#### Prompt
Give back the whole listing verbatim, printing none of its pictures.

#### Dataset excerpt

_____

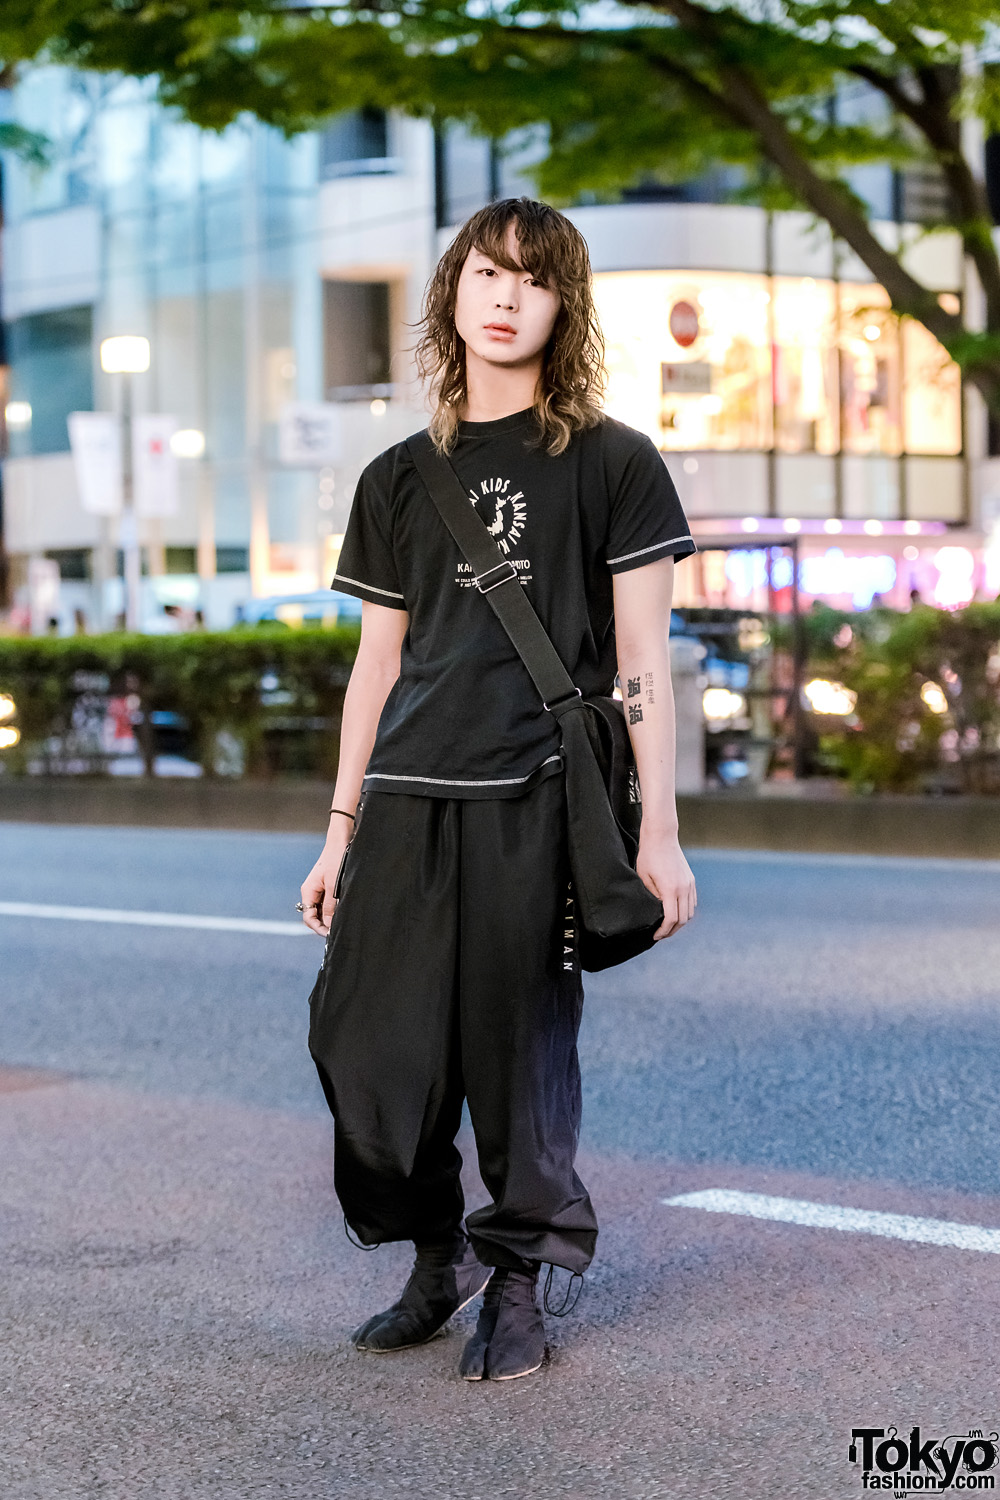 Fashion College Student in All Black Kansai Yamamoto Outfit w
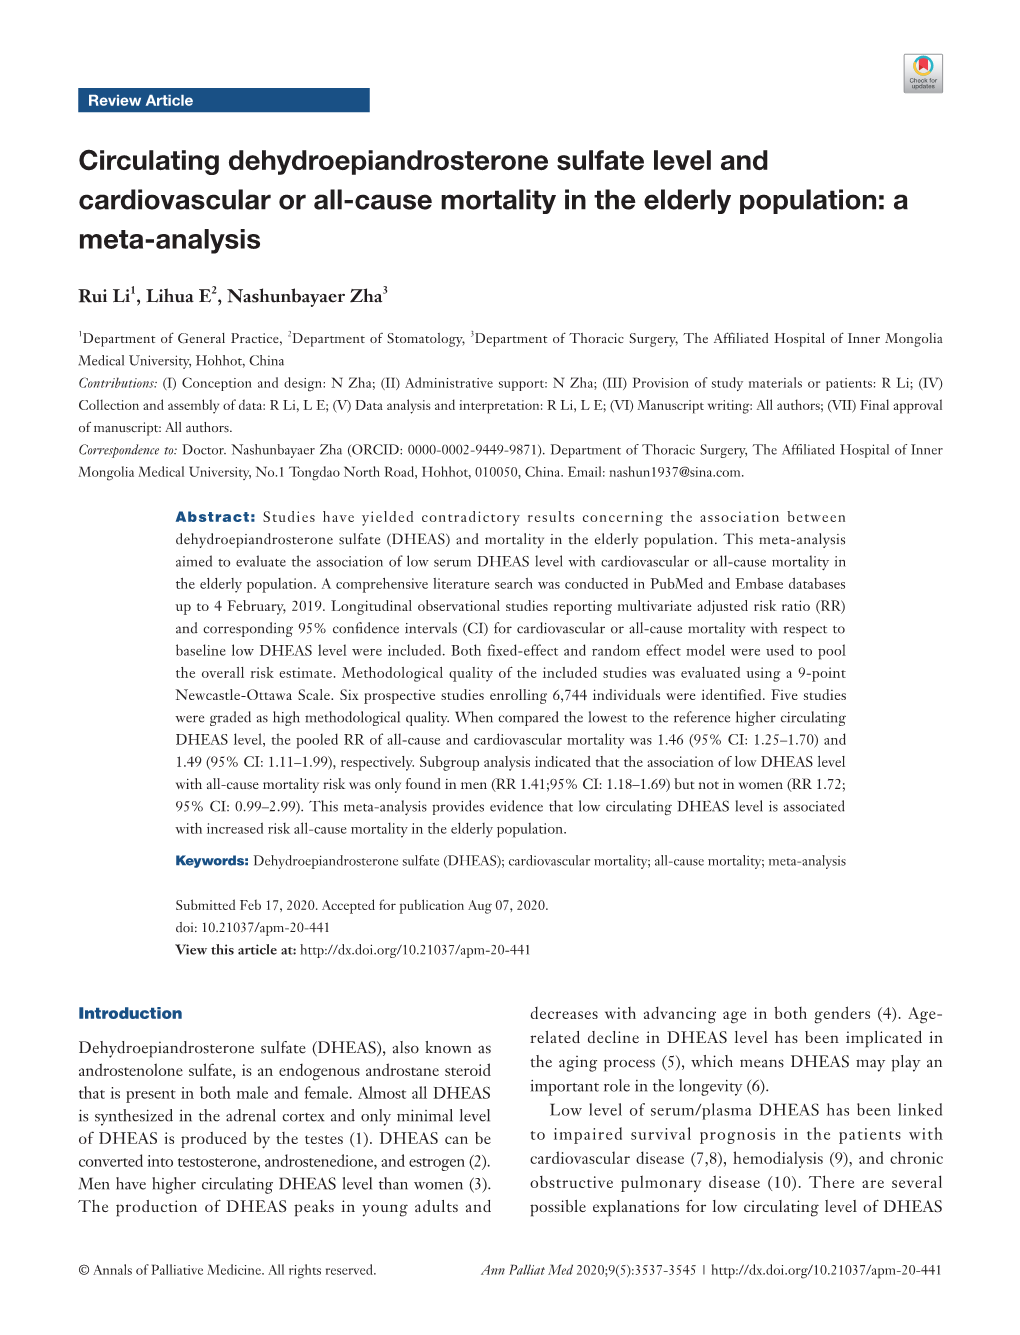 Circulating Dehydroepiandrosterone Sulfate Level and Cardiovascular Or All-Cause Mortality in the Elderly Population: a Meta-Analysis
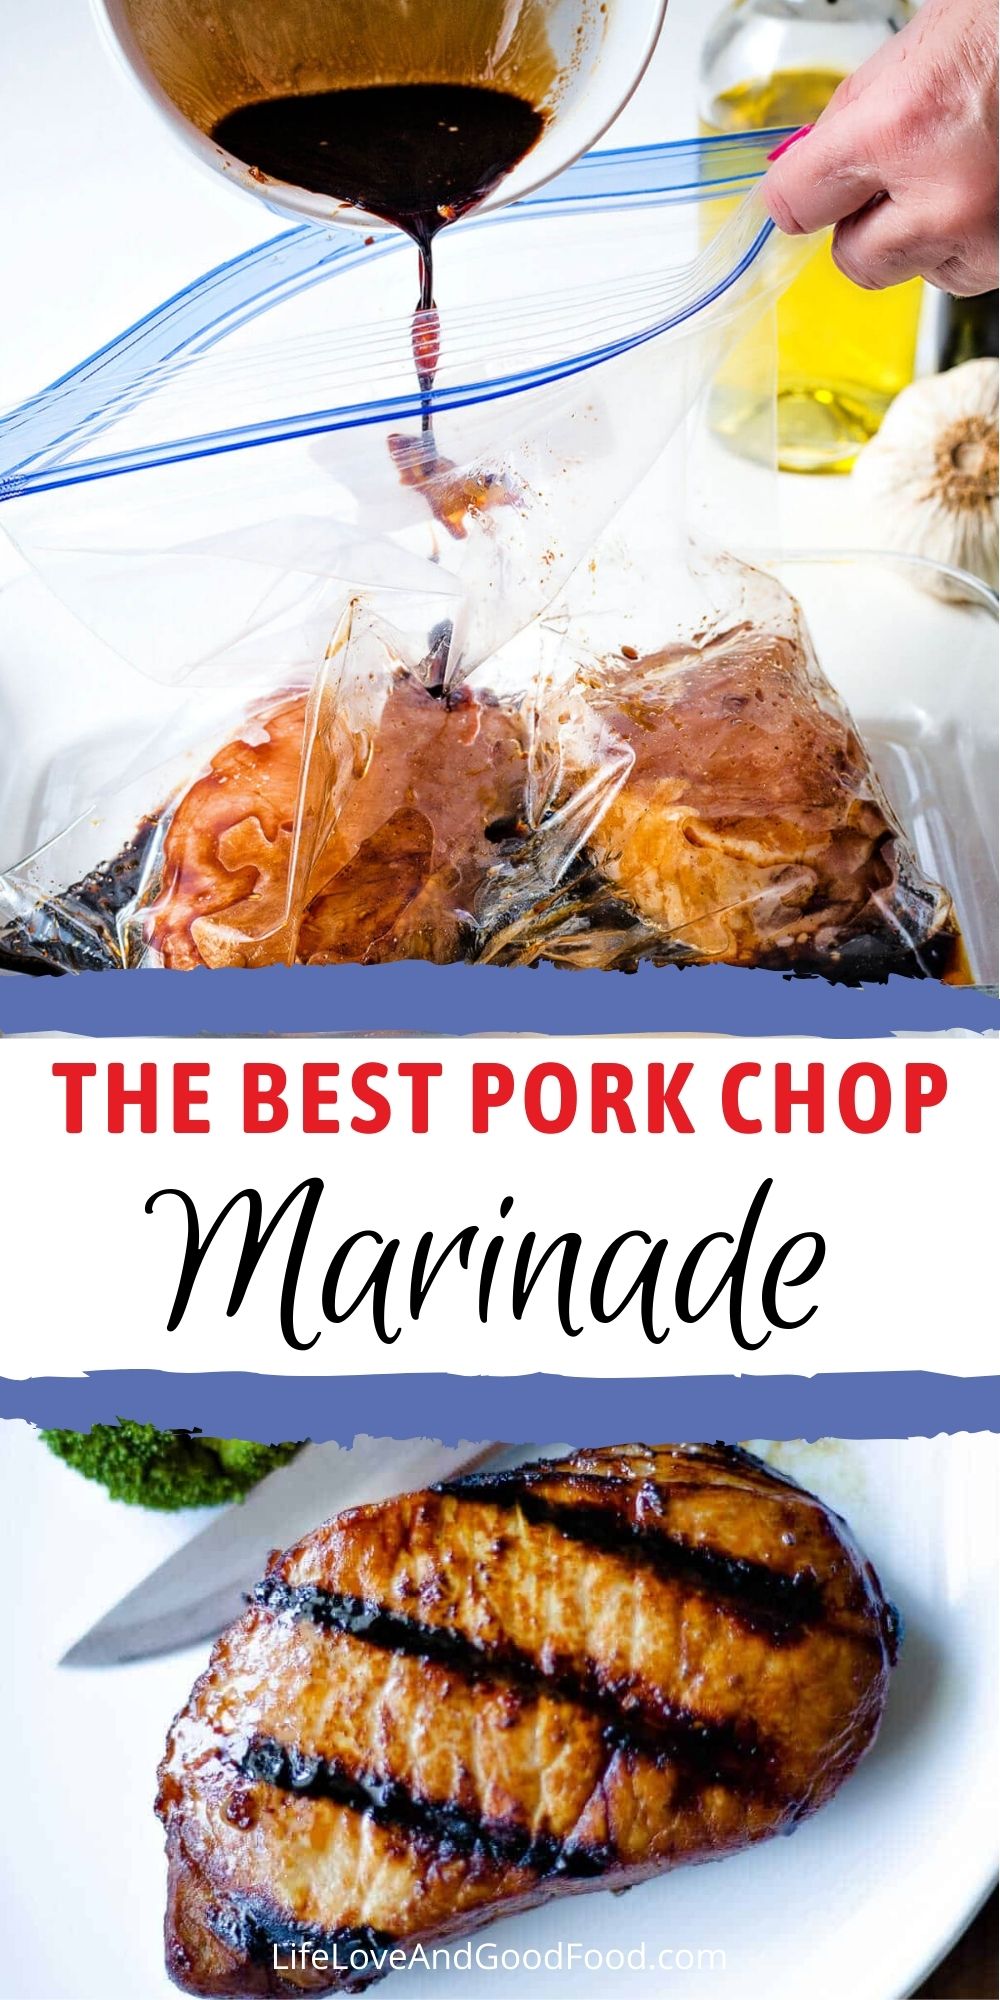 BEST Grilled Pork Chop Marinade - Life, Love, and Good Food

_____

#### Result of this exercise
 Fashion College Student in All Black Kansai Yamamoto Outfit w
 Circulating Dehydroepiandrosterone Sulfate Level and Cardiovascular Or All-Cause Mortality in the Elderly Population: a Meta-Analysis
 BEST Grilled Pork Chop Marinade - Life, Love, and Good Food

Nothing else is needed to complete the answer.